Шрифт:
Закладка:
Автор статьи «Прекращение унии» в качестве основополагающего признака православного христианства выдвигал «кротость», а католицизма — воинственность и религиозный прозелитизм, что напрямую увязывалось с политикой римского папы и иезуитов в отношении «искони русского народа» — православных и униатов на западе Российской империи. Анонимный сочинитель писал: «Ни один народ не приял Святой Веры с большим спокойствием и кротостию, и ни один не держался ея с большею твердостию: а между тем дух любви и мира преобладая в сей новой отрасли Вселенской Церкви над духом неразумного рвения, не дал ей омрачить себя делами изуверства: никогда в отечестве нашем не думали распространять Веры темною силою казней; но кроткий свет убеждения тихо подчинил ея закону неизмеримые области в трех частях света; ни одна из сих областей не прияла Веры от проповедников меченосных, и напротив, весьма многие обязаны ею проповедникам-страдальцам»64.
Термин «меченосный», хотя и отсылал к Ливонскому ордену меченосцев, но более ассоциировался с религиозными войнами, которые вели католики, т. е. именно с крестовыми походами. Эту тему автор статьи развивал далее: «нашествие Татар, повторившее в ней те же ужасные явления, какие История видела от лютых Сарацин на Востоке, не потрясло, но укрепило в ней Веру Христову, и покрыло ея Церковь святым венцем мученичества»65. Таким образом, отсутствие русских в рядах крестоносцев получало особое обоснование, становилось символом цельного и исторически состоятельного религиозного поведения — предпочтения кроткого мученичества и мирной проповеди распространению христианской веры с помощью оружия. В крестовых походах могли участвовать кто угодно — немцы, французы, скандинавы и даже монголы66, но союз русских князей с западными рыцарями, согласно этой логике, был полностью исключен.

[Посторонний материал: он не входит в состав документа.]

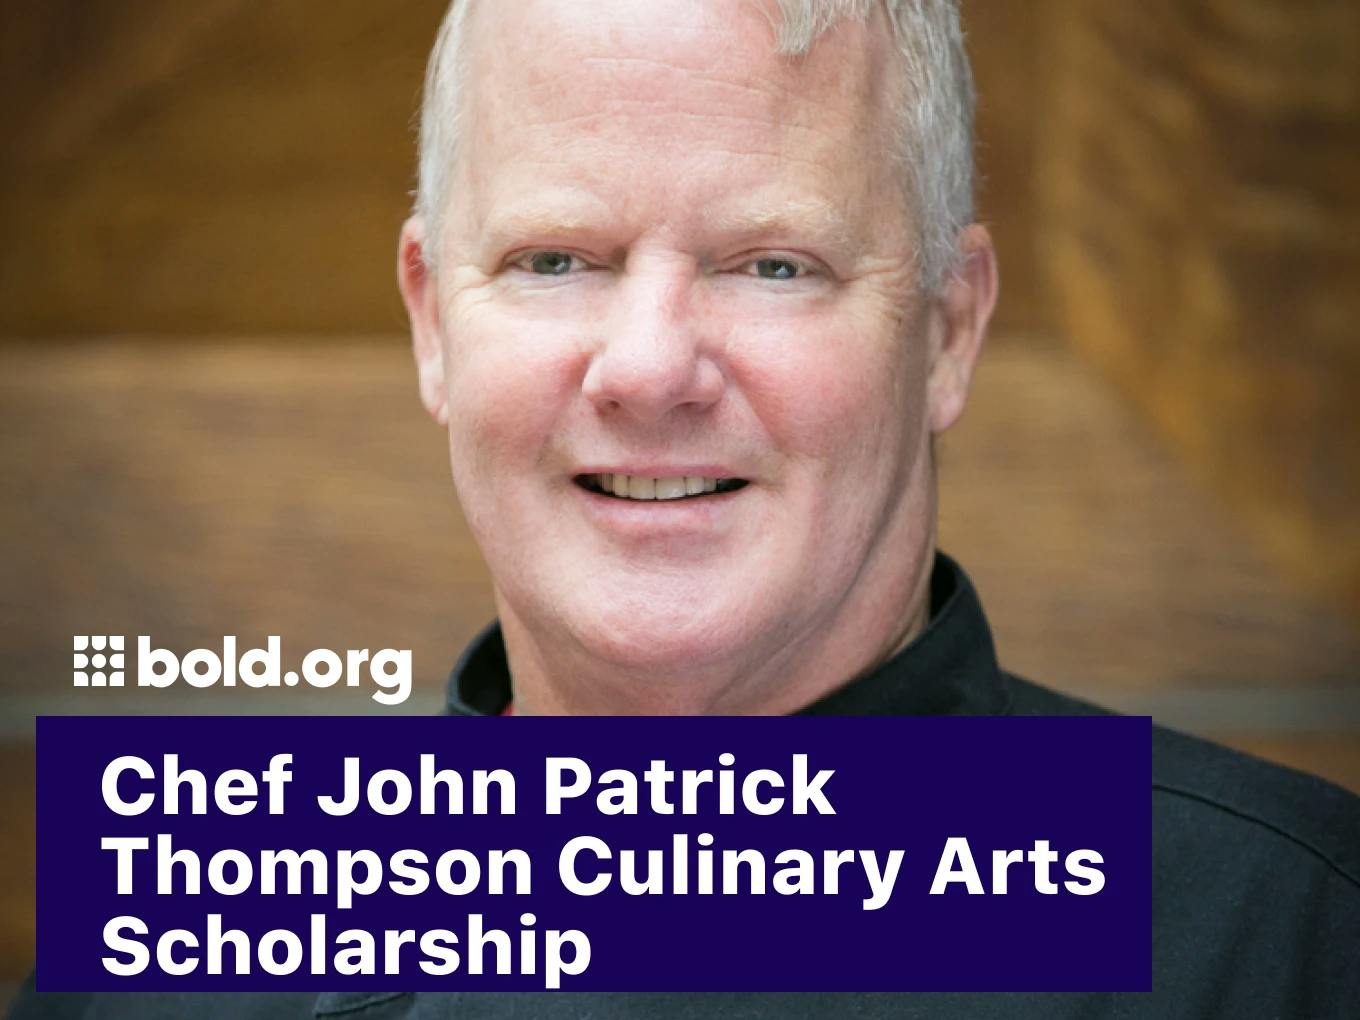 Chef John Patrick Thompson Culinary Arts Scholarship

Эта линия получила свое продолжение в ряде трудов, созданных в конце 1830-х — начале 1840-х годов уже упоминавшимся выше Андреем Муравьевым, называвшим упомянутую эпоху «блистательным временем присоединения Унии»67. Муравьев так описывал крестовые походы в своей «Истории святого града Иерусалима»: «В течение двух веков, непрестанные кровопролития Франков и Турков, миллионами трупов усеяли все пути Сирии, и хотя, от сего страшного столкновения Запада с Востоком, возникло в последствии просвещение в Европе, не много пользы принесло оно бедствующей Палестине, над которою еще более отяготилось иго Магометанское, по удалении Франков; а между тем истребилось постепенно сокровище обителей пустынных, под превозмогавшим влиянием первосвященников Западных, и остатки учености духовной, которою славились еще лавры Св. Саввы и Феодосия, Евфимия и Харитония, под игом Арабским, исчезли совершенно, когда, после бурного прилива и отлива волн западных, осталась только одна горькая пена, столетнего их владычества в Св. граде и двухвекового в Св. земле»68.

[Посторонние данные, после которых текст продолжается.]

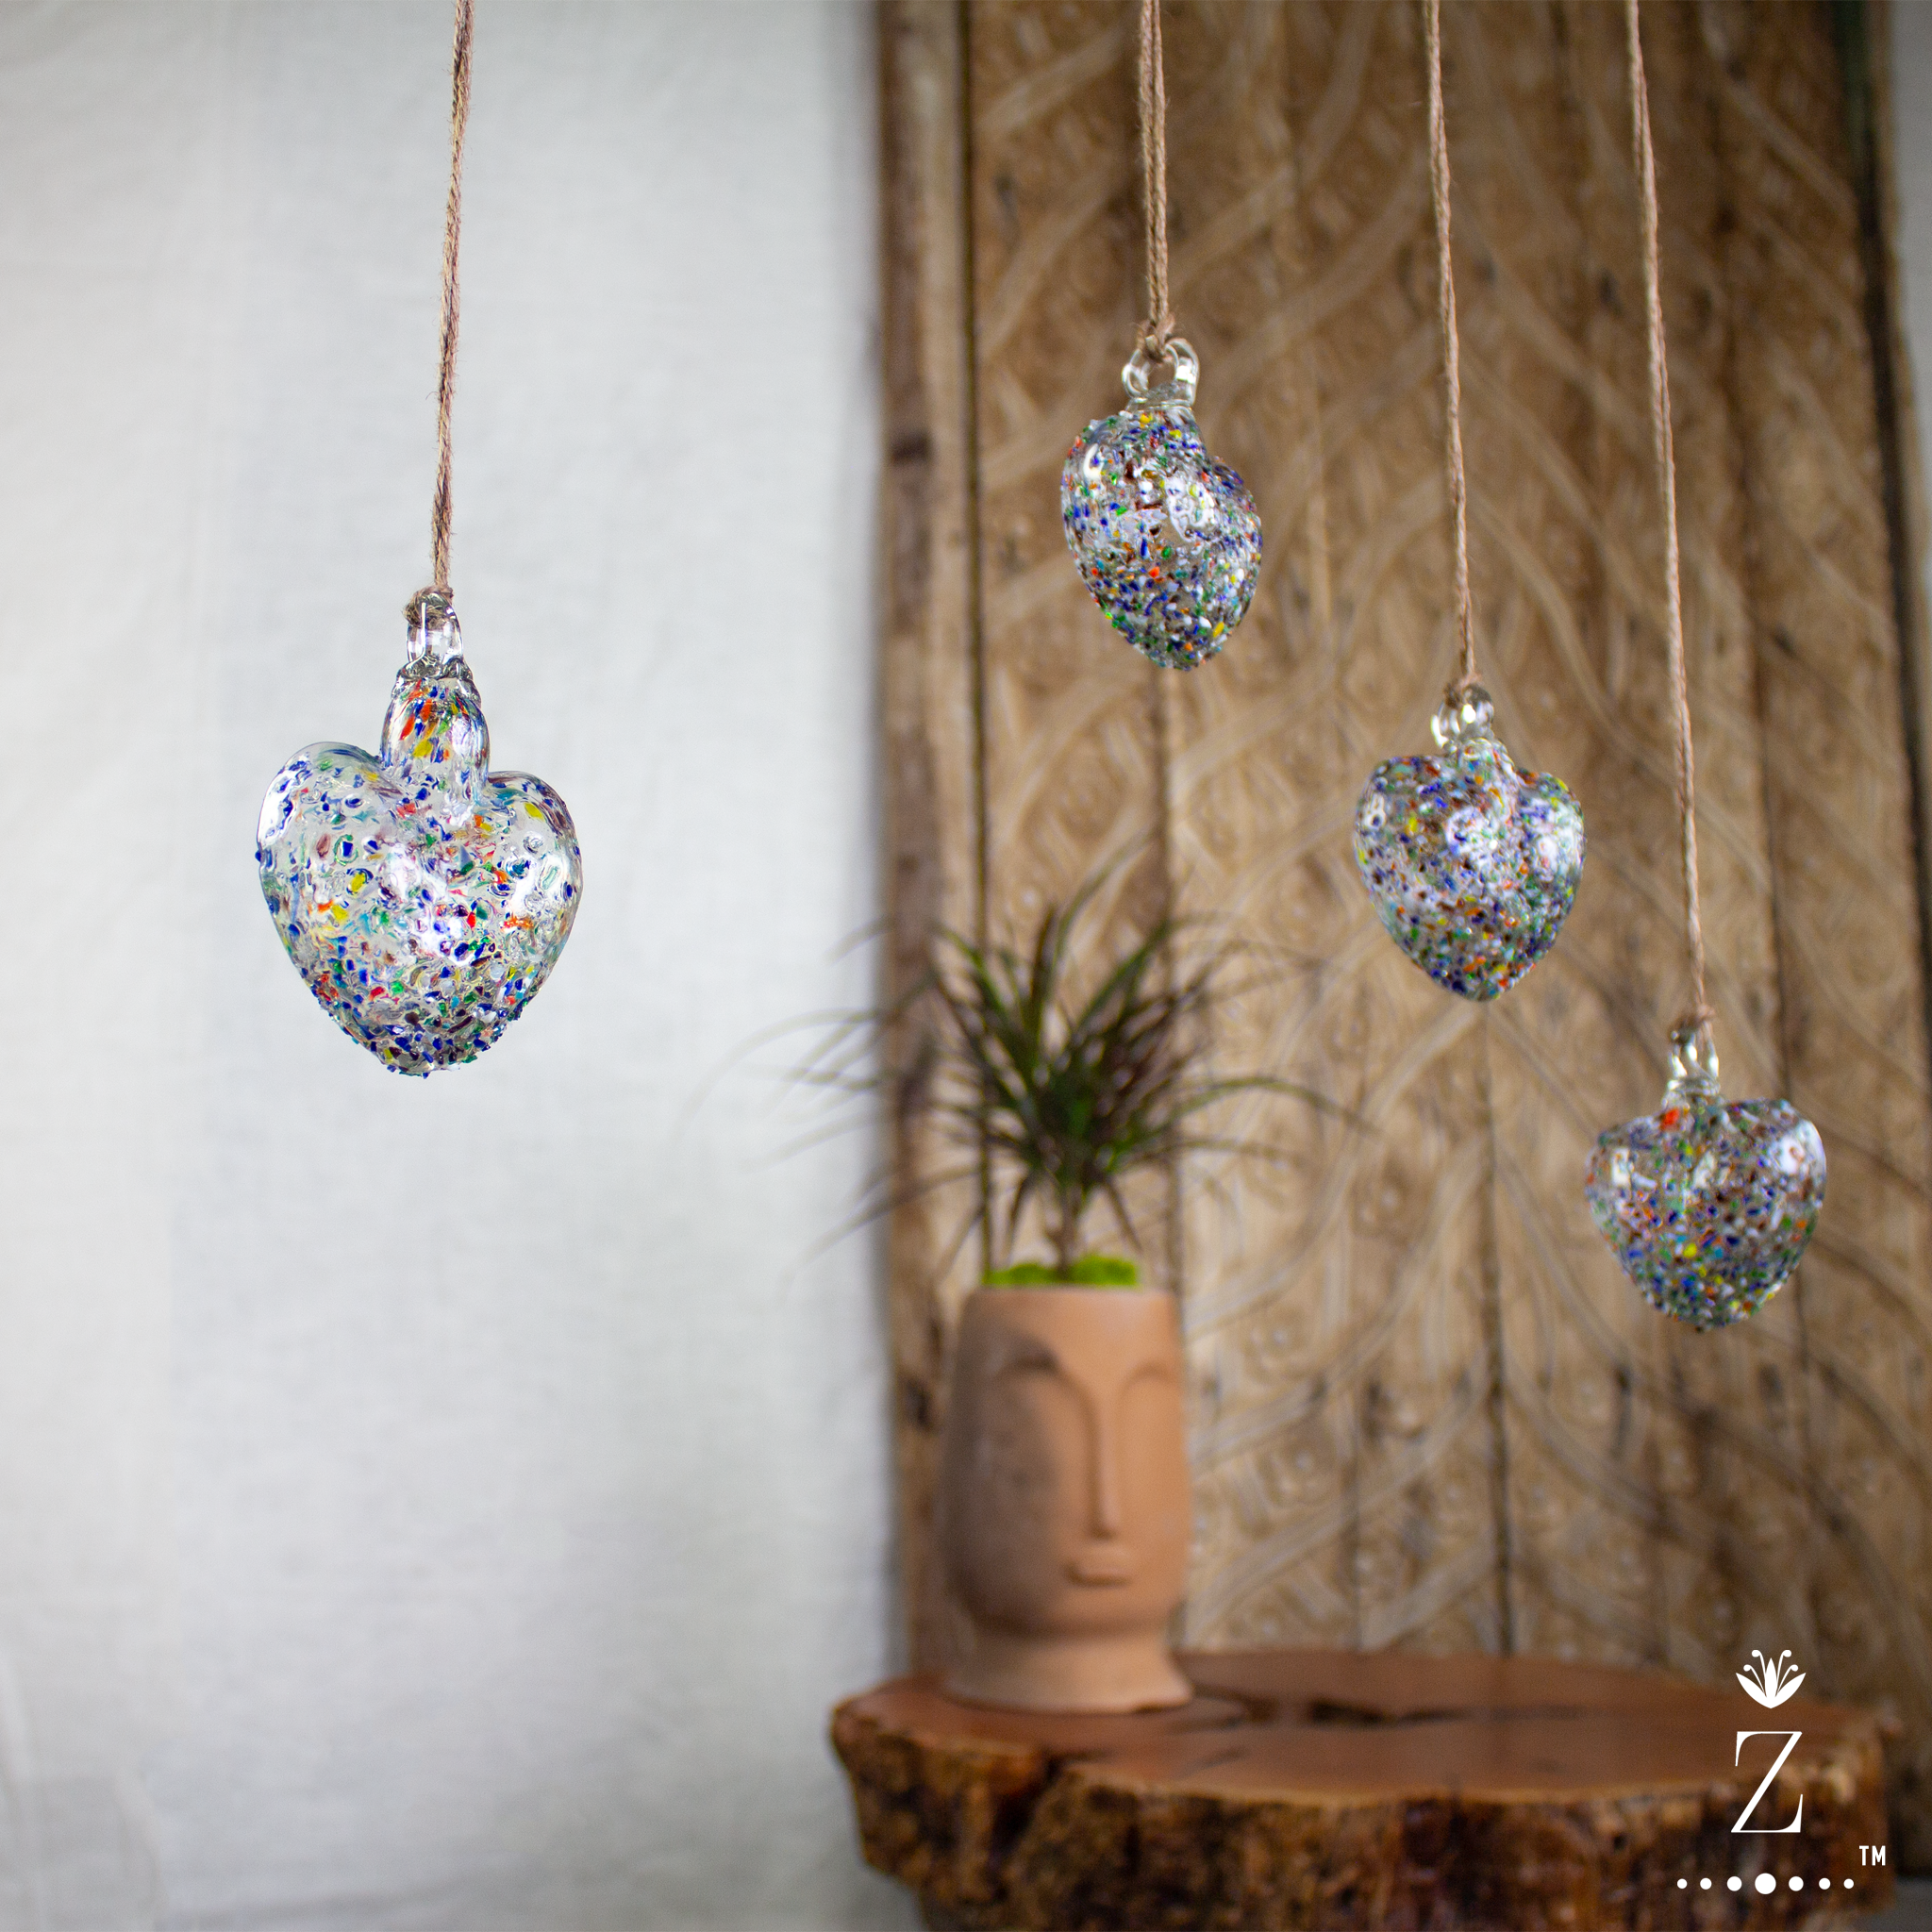 Ornamental Confetti Glass Heart, Small hanging glass hearts

В «Правде Вселенской Церкви» (первое издание —1841; начало работы, по свидетельству автора, — 183969) Муравьев отмечал, что ненависть крестоносцев к грекам принесла последним гораздо более бедствий, чем турецкое владычество: «.. одною из важных причин совершенного отчуждения Запада и Востока было вооружение крестоносцев, проходивших чрез Византийскую империю и наконец овладевших ею, вероломным взятием Царьграда. Патриархи Антиохии и Иерусалима, изгнанные из своих епархий Франками, жили тогда в Царьграде, и обладание Сирии крестоносцами было для них столь же тягостно, как и самое иго Турецкое… Тринадцатый век был один из тягостных для Церкви Православной, по случаю крестовых походов, разоривших столицу империи Греческой…»70. Схожие оценки в своих более ранних трудах высказывал и идеолог прекращения унии митрополит Литовский Иосиф Семашко71.

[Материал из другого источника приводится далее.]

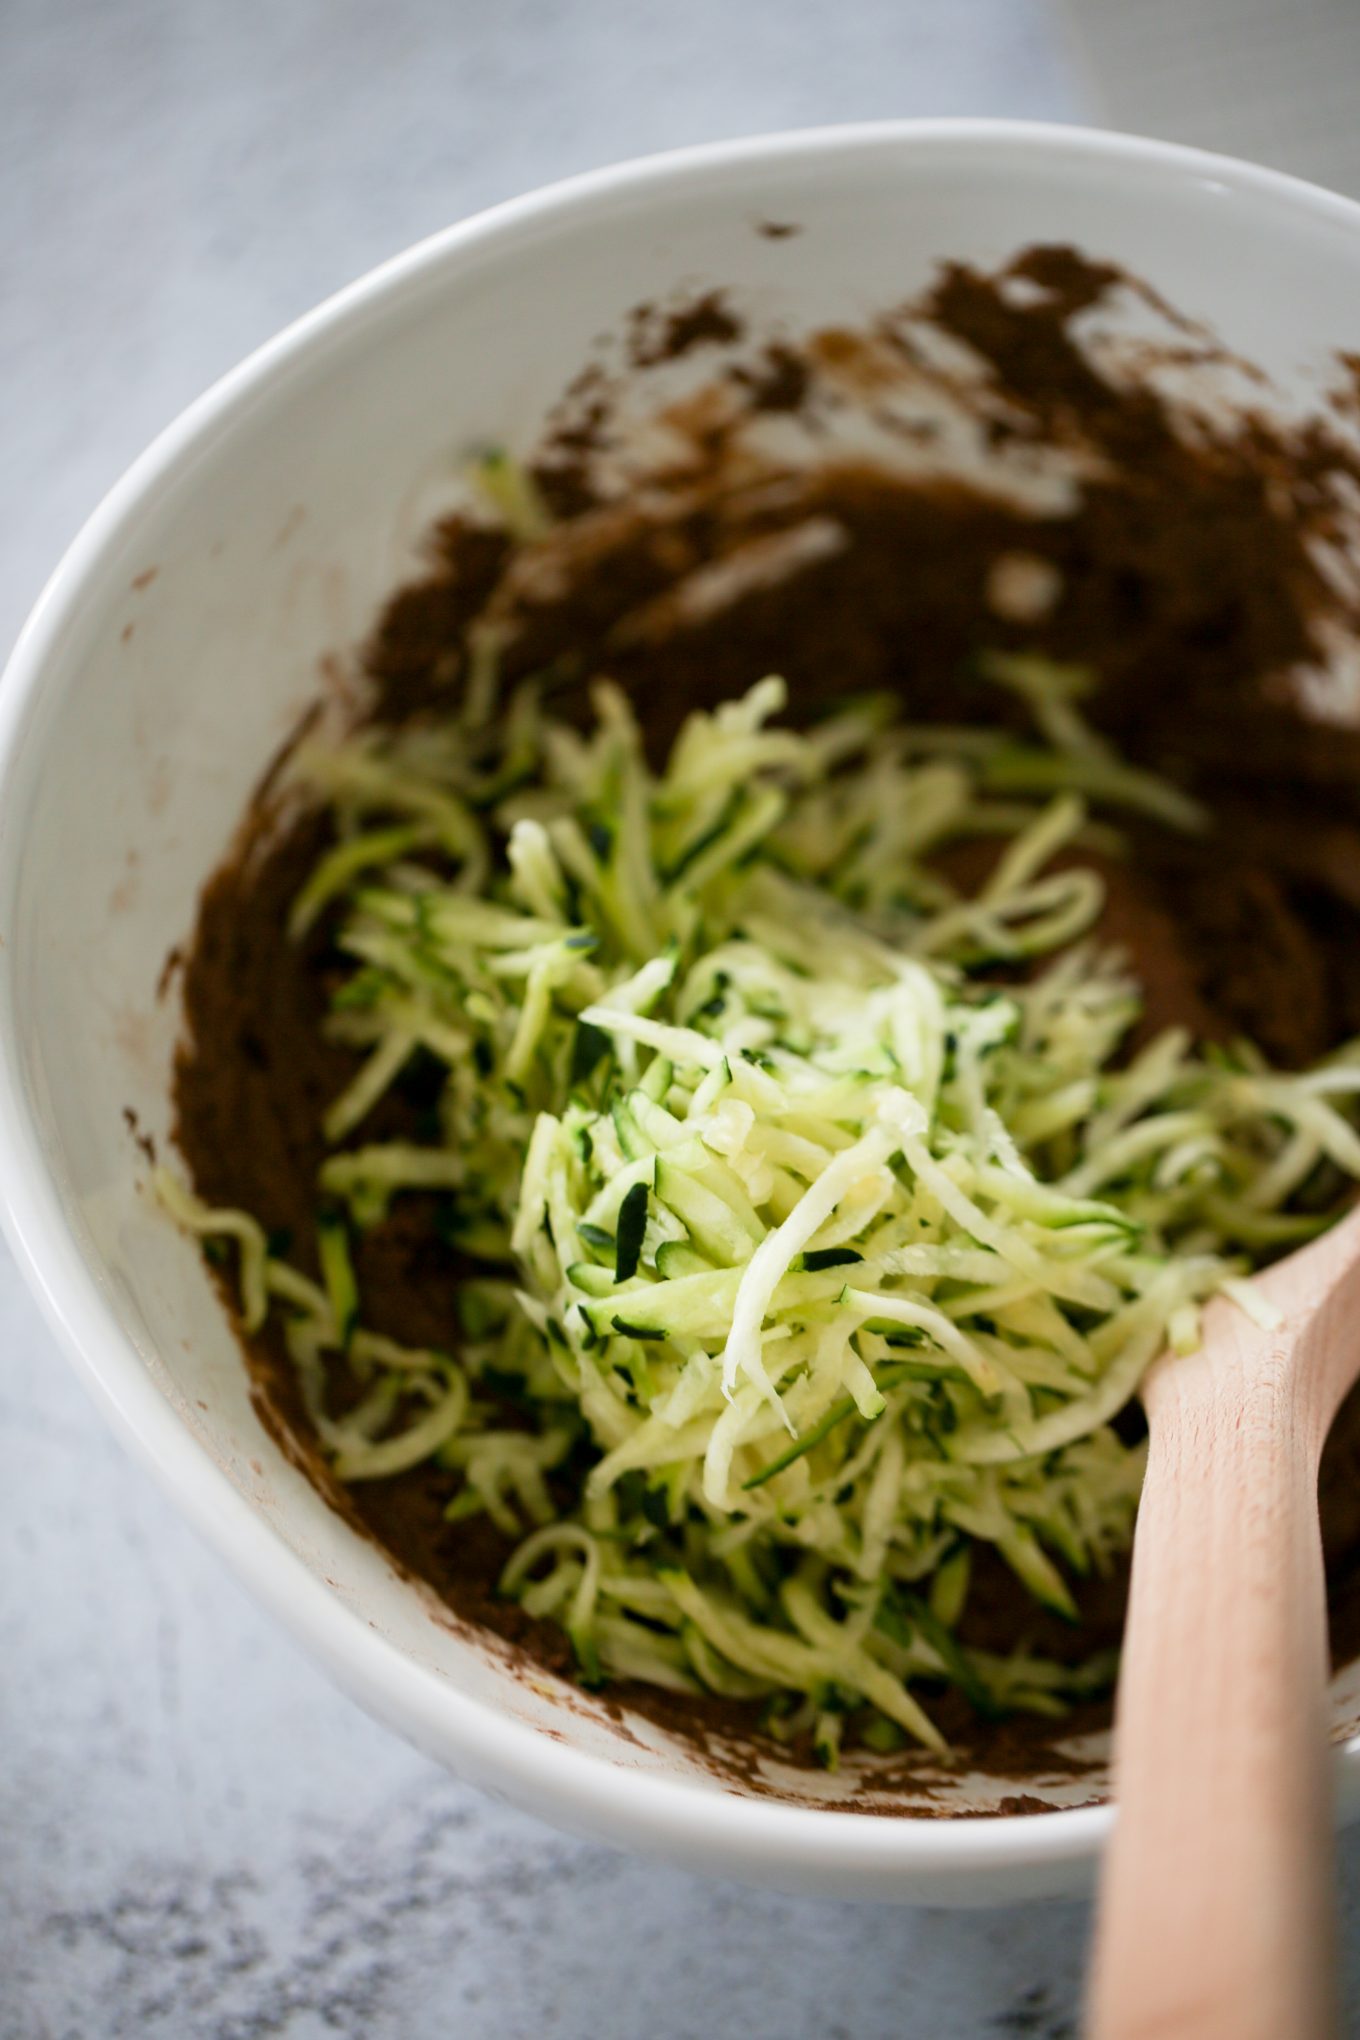 Agregando el zucchini rallado a la mezcla.

Реплика Чаадаева на этом фоне обретала характер, отчетливо оппозиционный официальной риторике. Если русские участвовали в войнах с сарацинами, то это означало отказ от идеи мирной проповеди — киевские князья таким образом должны были разделить ответственность за проступки крестоносцев. Подобный взгляд на крестовые походы подрывал концепцию православия как конфессии, с самого своего появления свободной от практики насильственного распространения веры.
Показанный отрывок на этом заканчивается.